# Slick Low Shop Stool



## jmarkwolf (Mar 27, 2016)

Wasn't sure which forum to post this item, but here goes.

There is a Harbor Freight item I always thought would make a nice stool. It's designed as  a dirt bike stand with 1000lb capacity (item#67151 ).

Many times I find myself working on something that I can't get to a more convenient height, and my current  stools are a little low (and seem to be getting lower every year), so I bought it with a 25% off coupon ($30 - 25% = $23).

I was pleased to find that it is indeed a nice comfortable low stool. It's height is a comfortable 16", it has cross braces that will support a tray for stashing tools, and even has a built-in "back pressure reducer" for those infrequent gaseous moments! 

What's not to love?


----------



## kd4gij (Mar 27, 2016)

Neat with the hole in the middle it can have duel  purposed.


----------



## Ulma Doctor (Mar 28, 2016)

i had one to perch my 01' Yamaha 426 on. 
it was a really nice platform to work on the bike as well as park it .

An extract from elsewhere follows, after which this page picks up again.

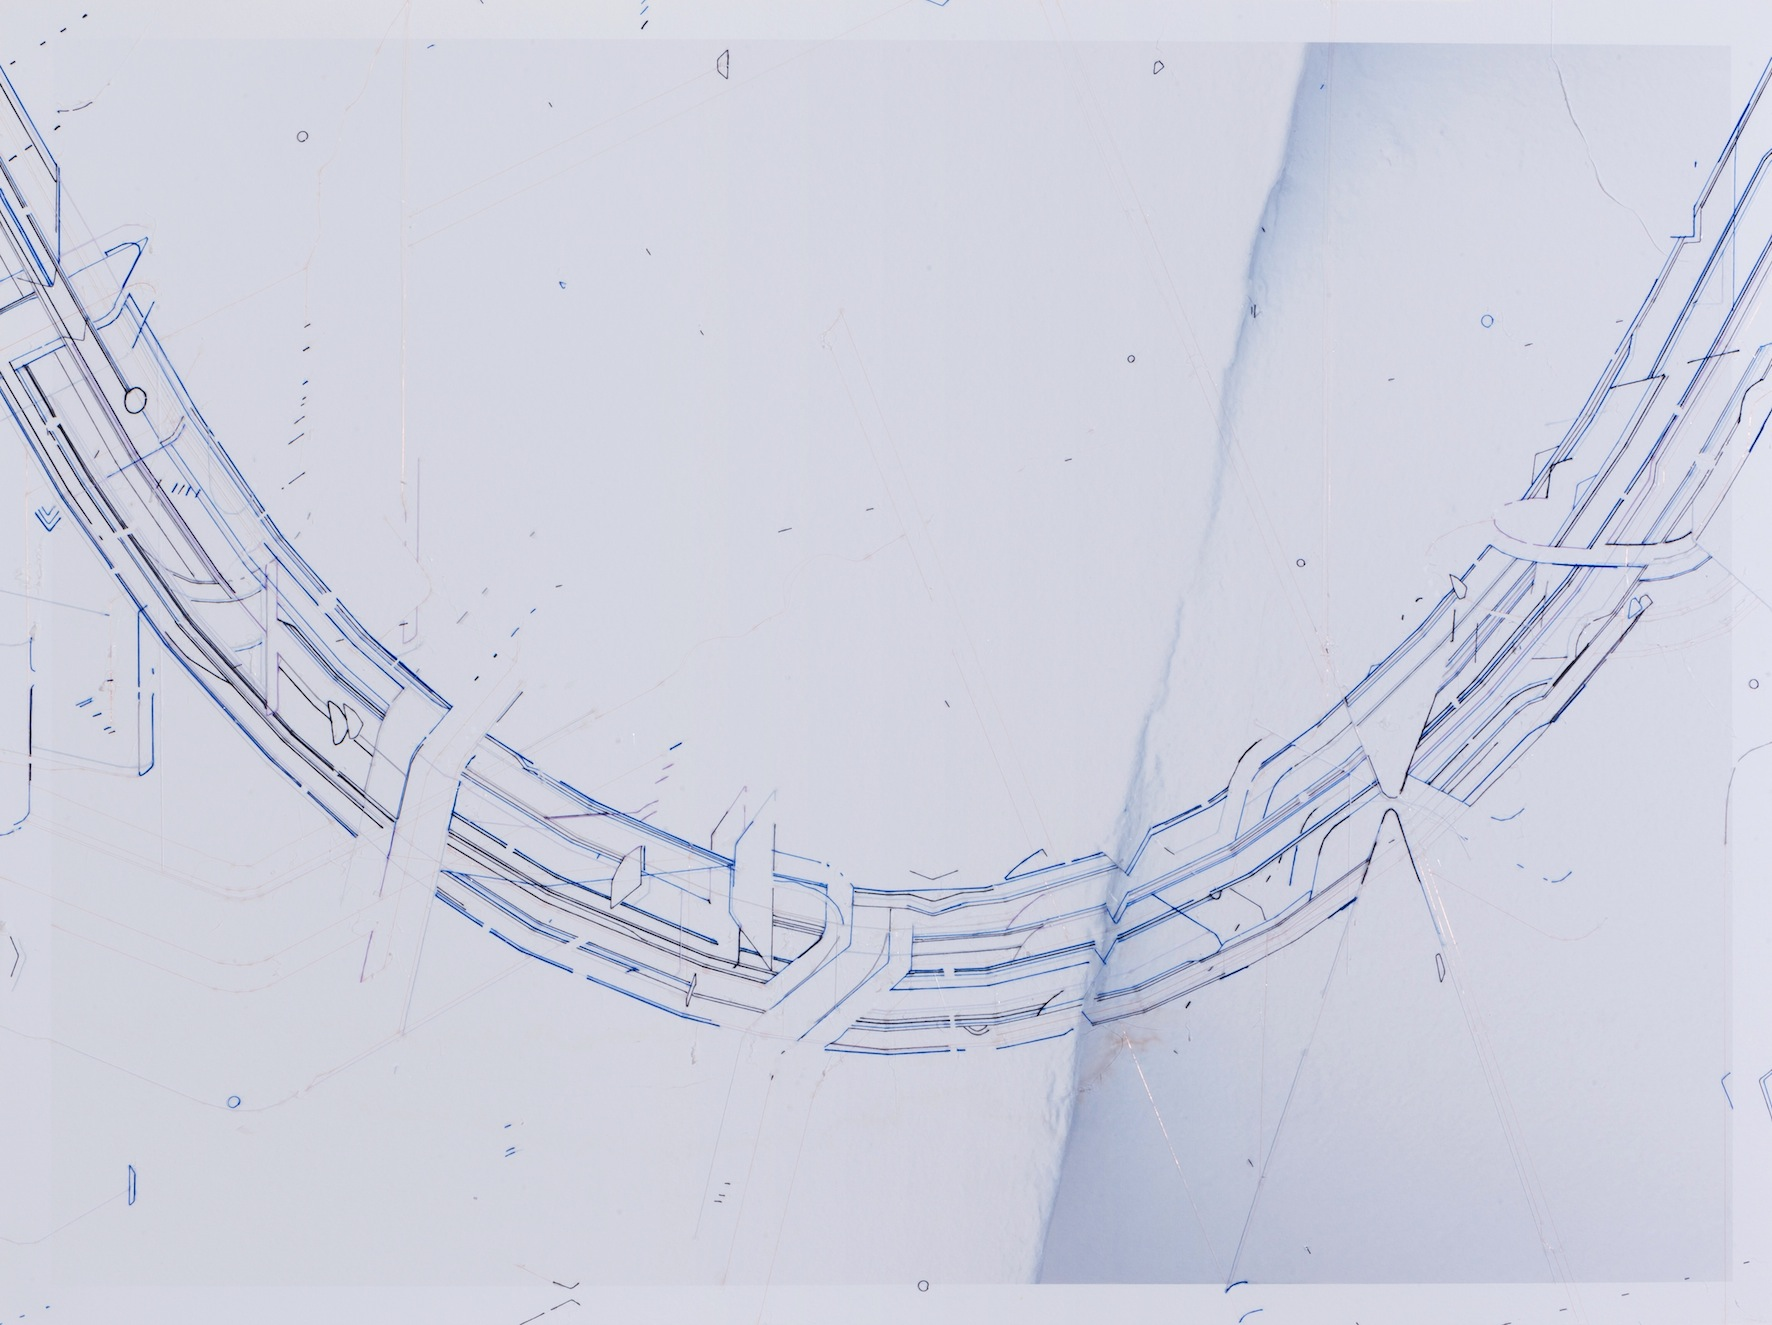 Keita Mori, Template (catenary)_ 2017 – fil de soie, de coton et de cuivre sur photographie – 60 x 80 cm – Galerie Catherine Putman

for a few extra dollars, you can get a K&N Filter fresh air kit, for those moments of odoriferous emanations


----------



## TOOLMASTER (Mar 28, 2016)

vented


----------



## alloy (Apr 10, 2016)

I have one of these that I use to work on manual transmissions with.  I put them in nose down on the center hole.  Makes it easy to work on them.   Definitely worth the money.


----------